THE INPUT |
☆ ☆ ☆ ☆

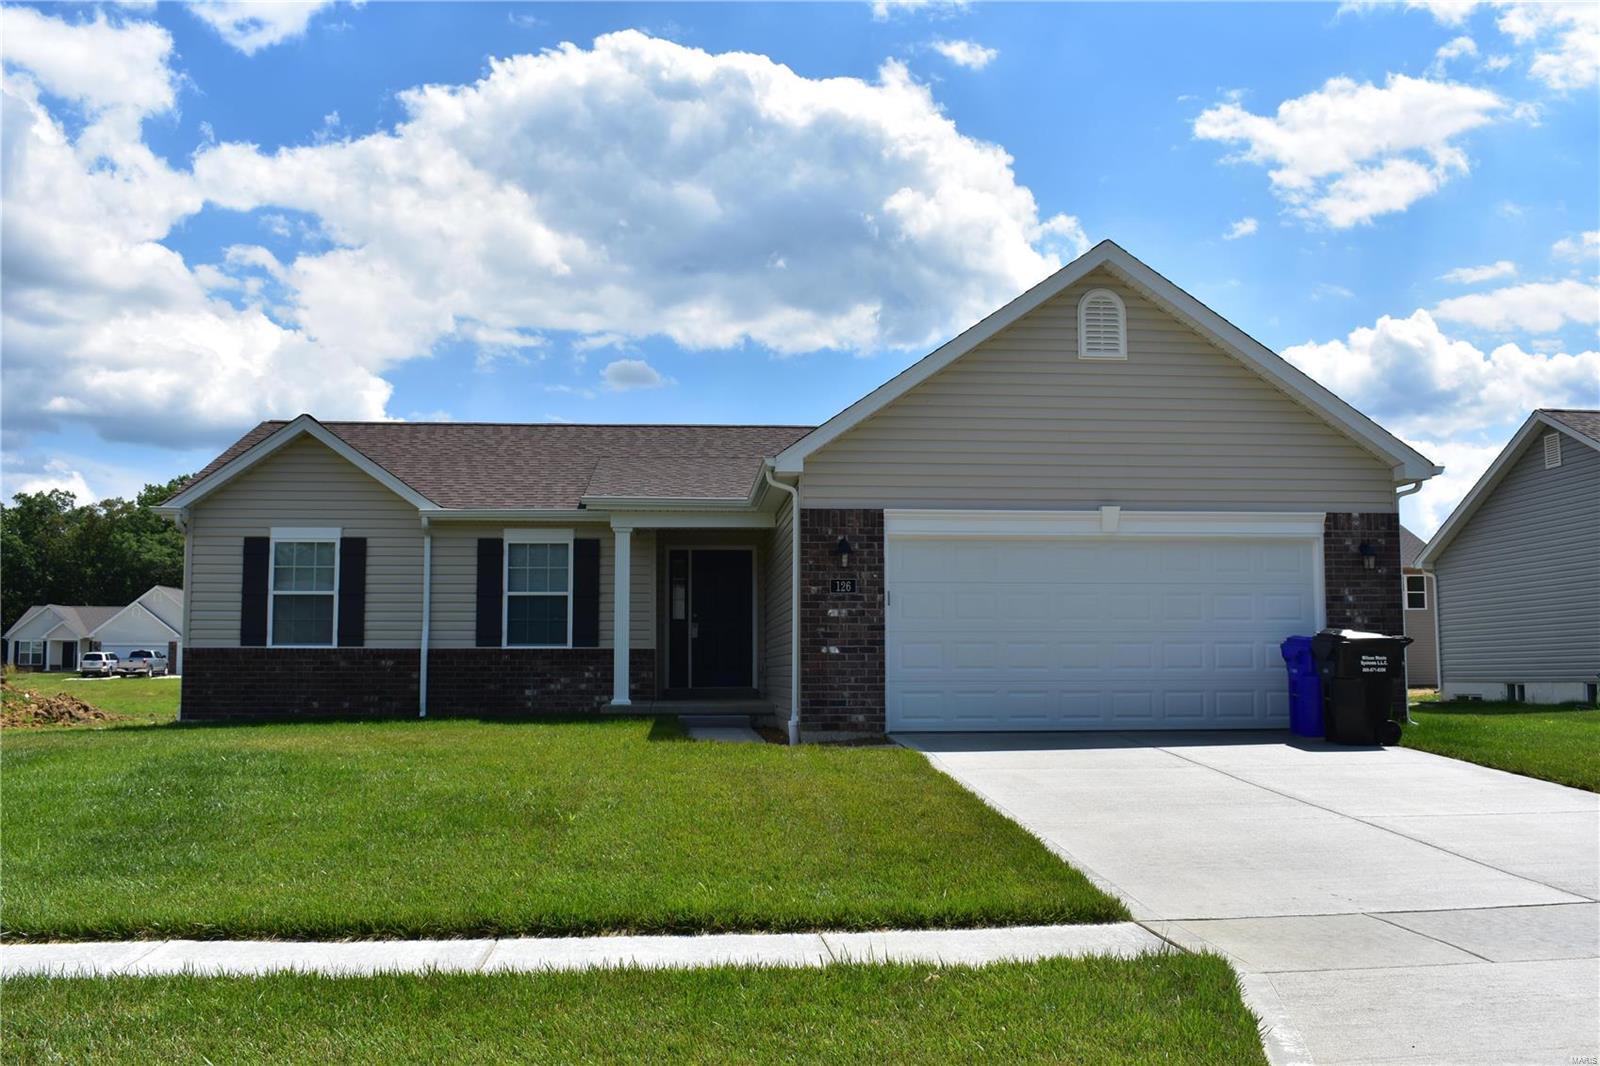 128 TBB-Lot 54 Bryan Ridge Property Photo - Wright City, MO real estate listing
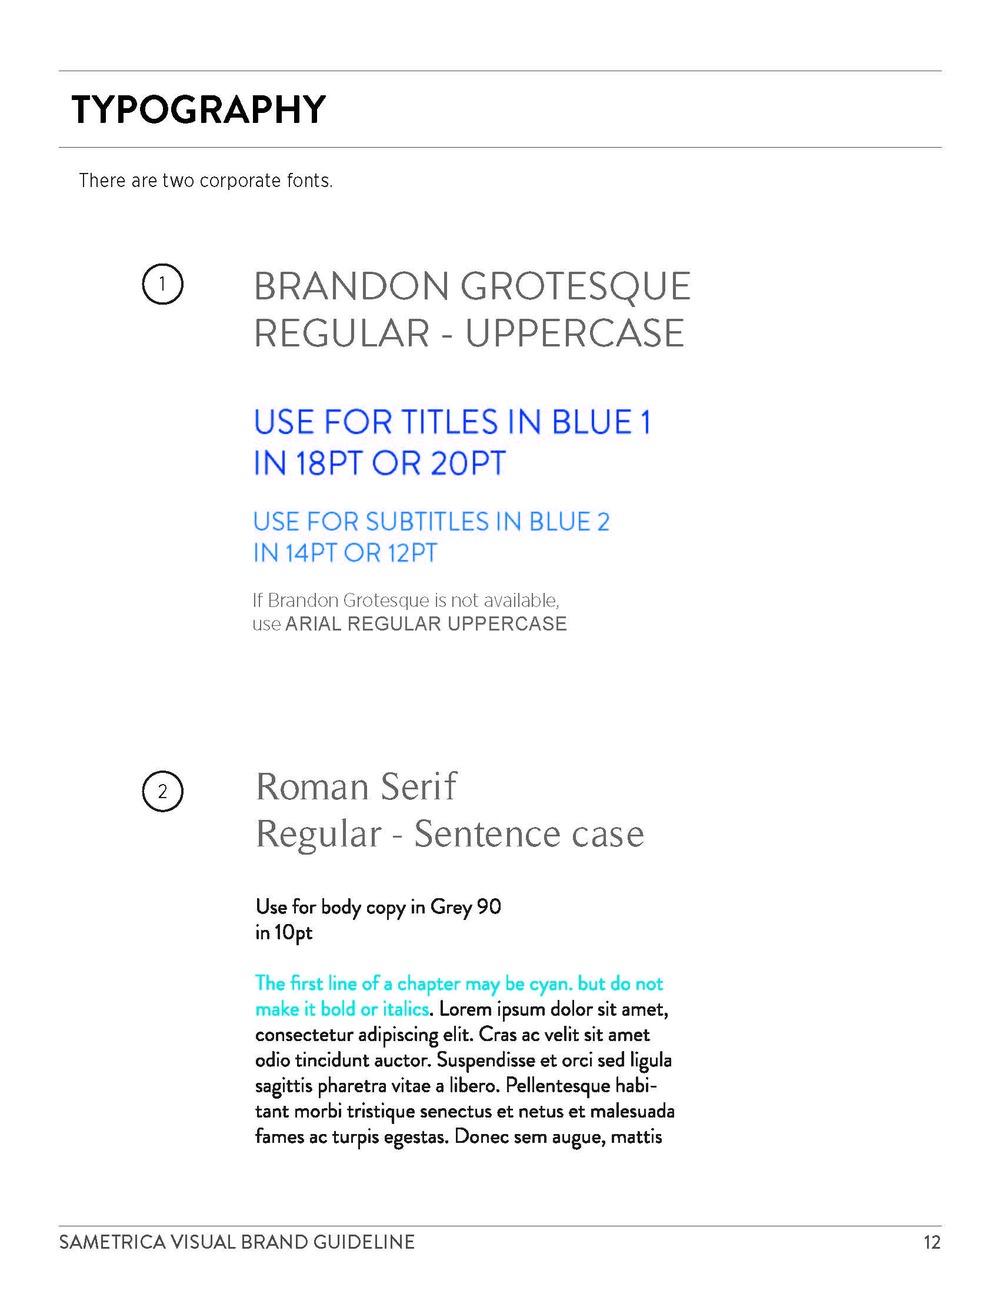 150911_SAMETRICA Brand Guideline_Page_12.jpg
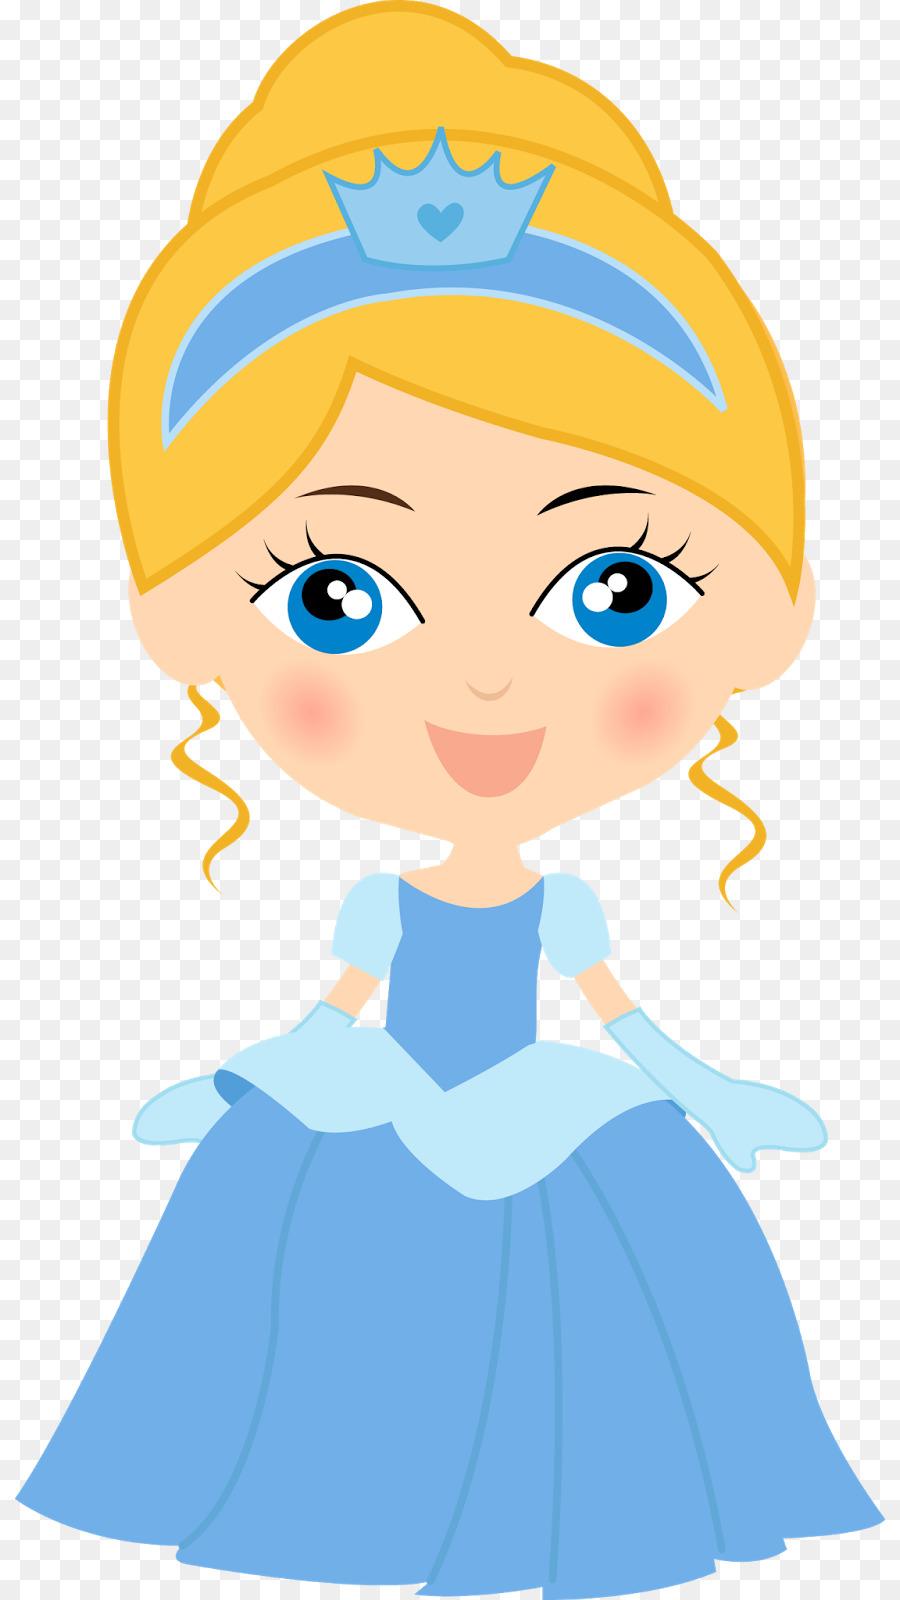 A Cinderella Princesa de Disney Clip art - Cenicienta png dibujo ...
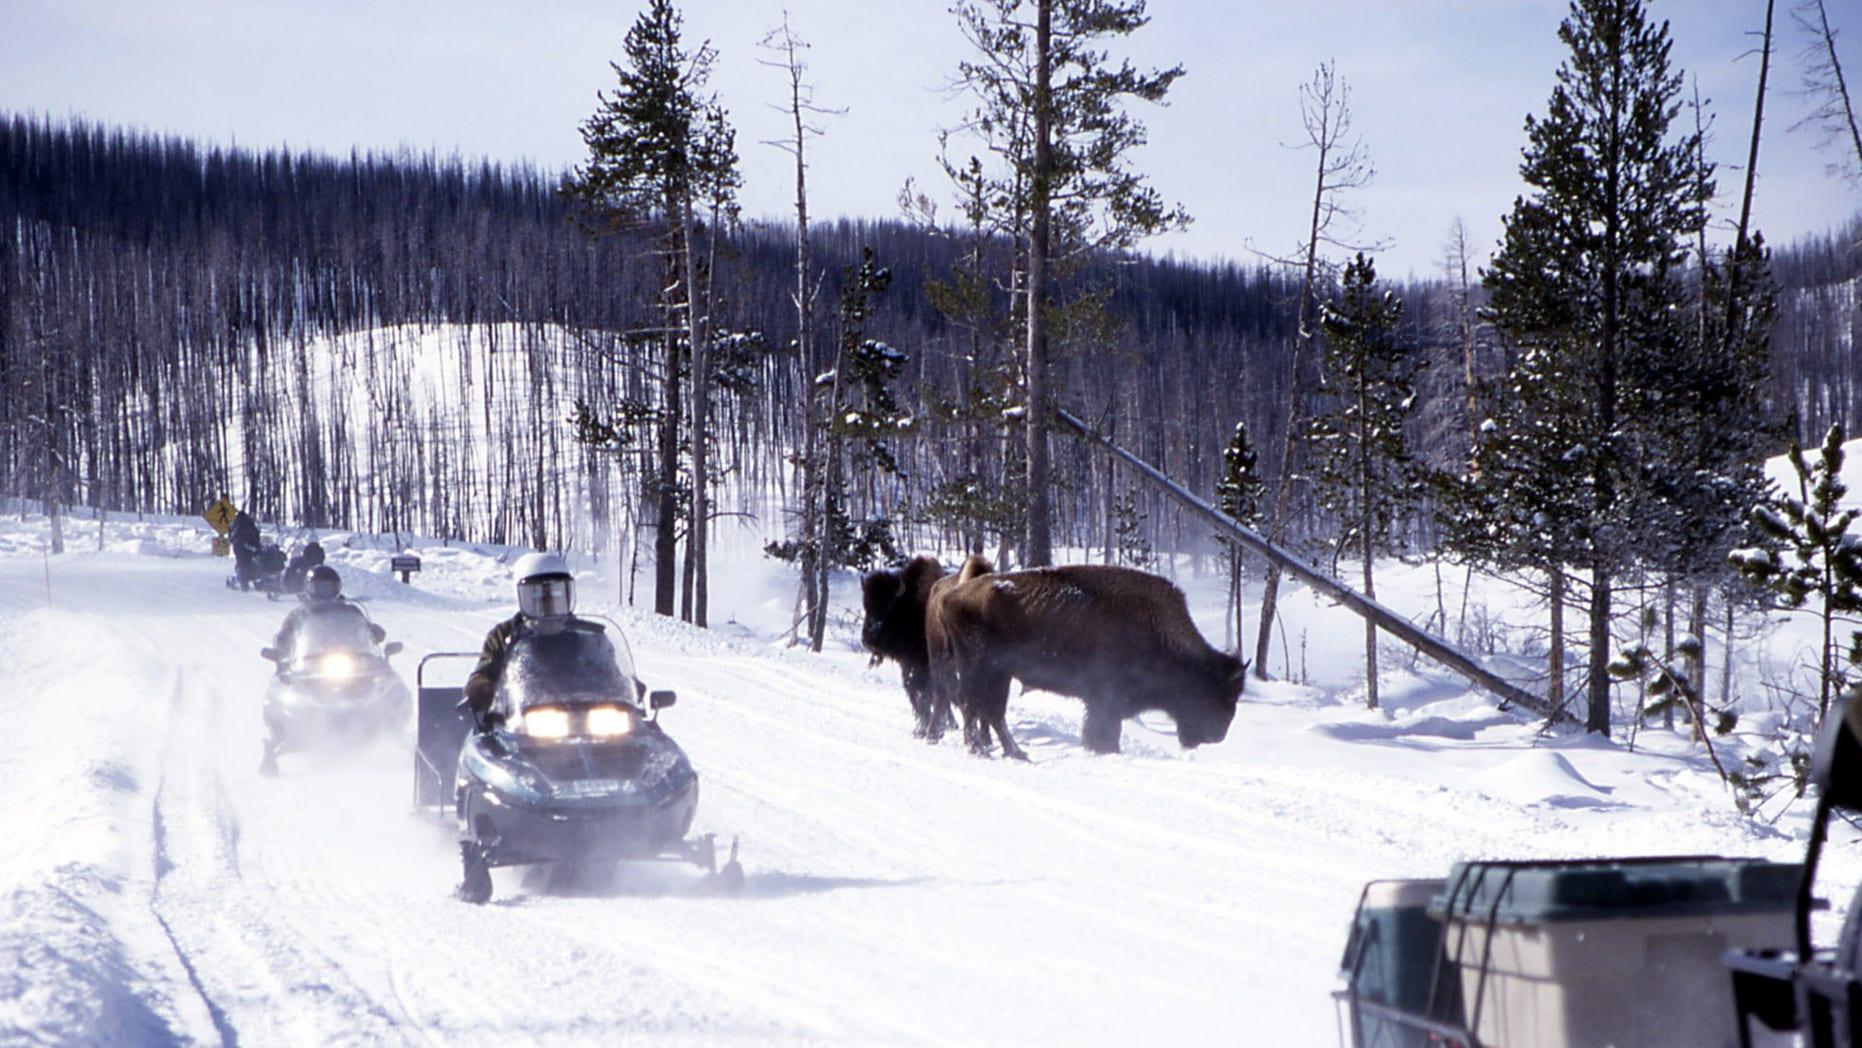 Snowmobiles passing bison near Roaring Mountain in Yellowstone.
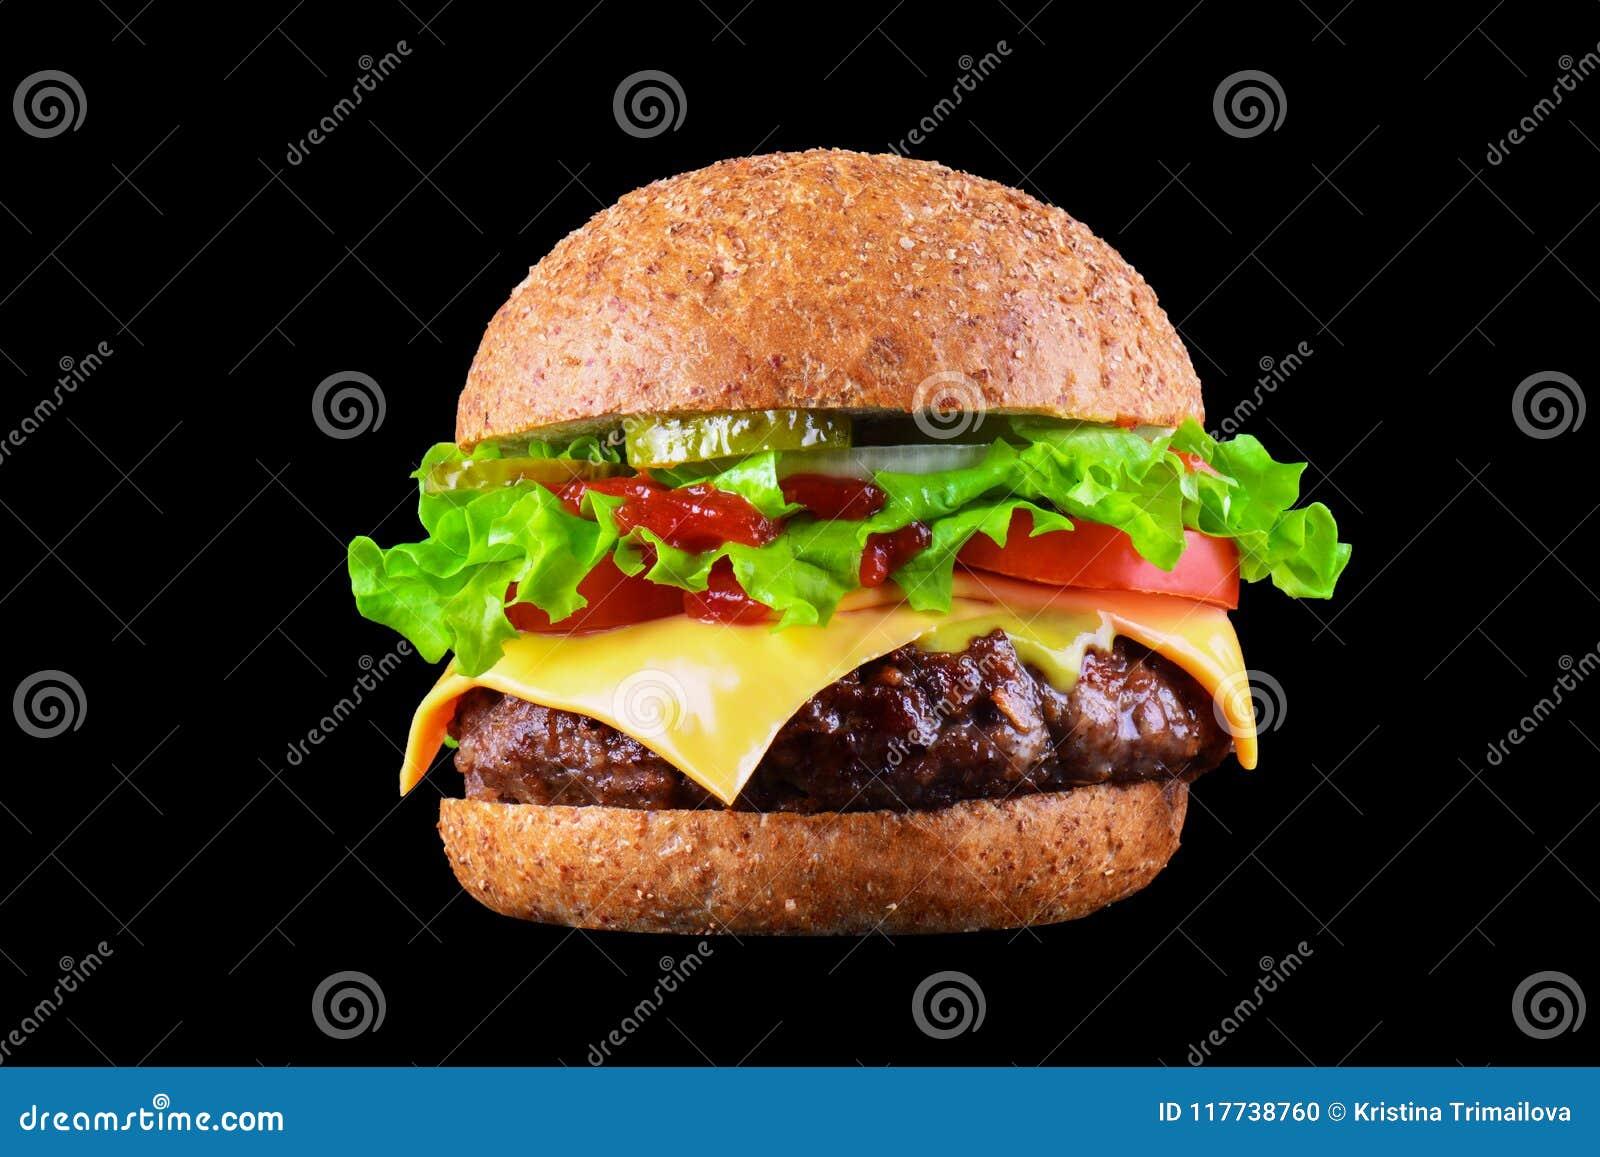 Hamburguesa o cheeseburger sabrosa grande aislado en fondo negro con la carne asada a la parrilla, queso, tomate, tocino, cebolla

☆ ☆ ☆ ☆

ASSIGNMENT | All of the entries must be reproduced exactly, apart from the pictures, which are to be dropped.

RESPONSE |
 128 TBB-Lot 54 Bryan Ridge Property Photo - Wright City, MO real estate listing
 150911_SAMETRICA Brand Guideline_Page_12.jpg
 A Cinderella Princesa de Disney Clip art - Cenicienta png dibujo ...
 Snowmobiles passing bison near Roaring Mountain in Yellowstone.
 Hamburguesa o cheeseburger sabrosa grande aislado en fondo negro con la carne asada a la parrilla, queso, tomate, tocino, cebolla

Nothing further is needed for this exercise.